REVIEWED BY DAN STUMPF:         


SHERWOOD KING – If I Die Before I Wake. Simon & Schuster, hardcover, 1938. Mystery Novel of the Month #16, digest-sized paperback, [1940]. Ace Double D9, paperback, 1953 (published back-to-back with Decoy, by Michael Morgan). Curtis 7154, paperback, 1965.

THE LADY FROM SHANGHAI. Columbia Pictures, 1947. Rita Hayworth, Orson Welles, Everett Sloane, Glenn Anders. Based on the novel If I Die Before I Wake, by Sherwood KIng. Director: Orson Welles.

SHERWOOD KING If I Die Befoer I Wake

   Sherwood King’s If I Die Before I Wake offers an intriguing premise: Laurence Planter is something of a footloose jack-of-some-trades marking time, as the story starts, as a chauffeur to criminal attorney Mark Bannister and his trophy wife Elsa. He also spends a lot of time running Bannister’s partner Grisby back and forth from the Bannister house to the office.

   It’s on one of those runs that Grisby offers Laurence five thousand dollars to commit murder — the murder of Grisby himself.

   It’s a neat book, with an even neater twist to it: Grisby wants to fake his death by having witnesses see Laurence walk to the end of a dark pier with him, hear a shot and see Laurence come back alone. But no corpse will be found — Laurence can’t (he thinks) be charged with murder, but Grisby will (he thinks) be legally dead.
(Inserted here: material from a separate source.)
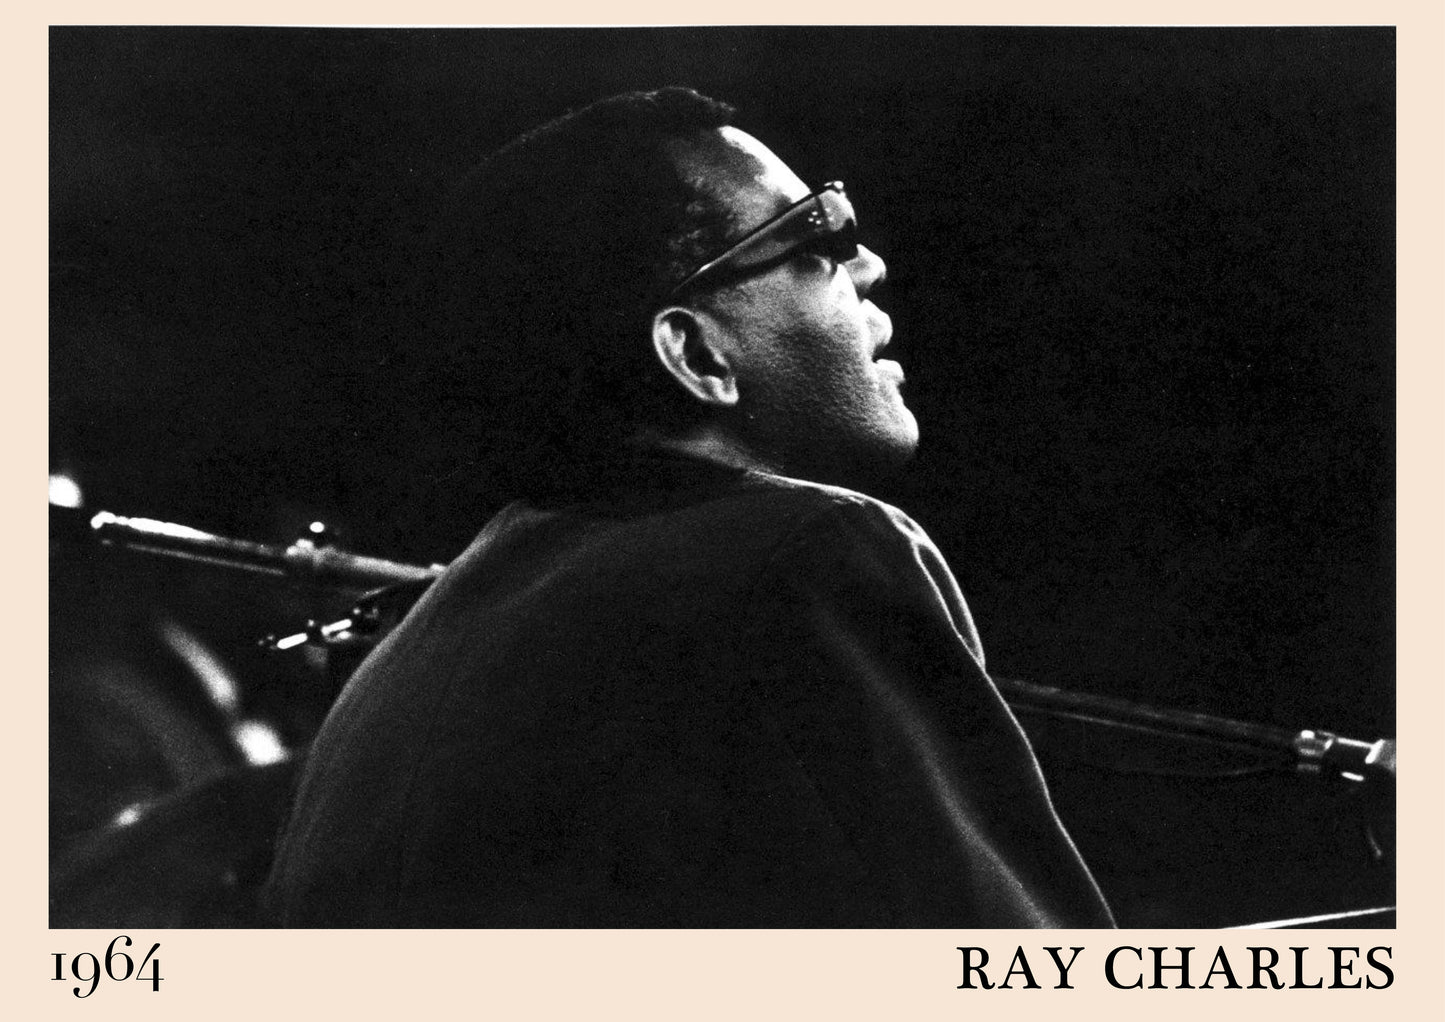  1964 photograph of blues legend Ray Charles, transformed into a cool poster

   And the scheme seems to work quite nicely until Laurence goes through with it and signs a confession,only to have Grisby’s body turn up after all — very very murdered.

   As I say, it’s a clever hook for a story, and Cornell Woolrich could have made a nightmarish classic of it, but Sherwood King just lets it lie there with the sharp end sticking up. There’s not much action in the story and very little movement at all, as if King were too lazy to describe new locations for us. Instead,he opens the tale with awkward dialogue, then gets bogged down in a lengthy trial scene capped off with a resolution that’s all talk. And so another good idea misfires.

   But wait….

   The story goes that in 1946 Orson Welles was trying to raise money from Harry Cohn, the head of Columbia Pictures, and during a desperate conversation in a drugstore phone booth his eye fell upon a paperback book he’d never read and he suddenly convinced Cohn it would make a great movie, which he could direct and star in with his then-wife, Columbia’s leading lady Rita Hayworth.

   Well, it’s a nice story and it may even be true, despite reports that Columbia already owned If I Die Before I Wake and was planning to have contract director William Castle make it as a B movie. (It would have made a good entry in the Whistler series.)

SHERWOOD KING If I Die Before I Wake

   Whatever the case, Welles took the basic plot and most of the details and turned The Lady from Shanghai (its new title) into his most enjoyable film, a tricky, fast-moving, witty, careening ride form Central Park, through Acapulco (some of this was filmed on board Errol Flynn’s yacht) to San Francisco’s Chinatown, culminating in a visual tour-de-force: the shoot-out in a hall of mirrors where, as one critic noted, the characters have to come face-to-face with themselves before meeting their end.

   Welles plays the hero like a young Falstaff, lustful, charming, and all too aware of his own fecklessness. He’s abetted by Rita Hayworth as the duplicitous wife — though he doesn’t give his then-wife much to do. I’ve seen her more effective in the hands of lesser directors — but the films is helped along splendidly by Everett Sloane and Glenn Anders as lawyers Bannister and Grisby.

SHERWOOD KING If I Die Before I Wake

   Except for a part in Tarzan’s Peril, I never heard of Glenn Anders before and after this film, and he reportedly had an awful time making it, but his performance as Grisby is one of high points of the American Cinema: sweaty, smiling, whiny and worming, he seems so devoid of humanity — of perhaps so excessively human — that you can’t figure out why no one ever killed him before the picture started.

   His performance complements Welles’ visual excesses perfectly, and I’ve always thought it an overlooked gem in a treasure-trove of a film.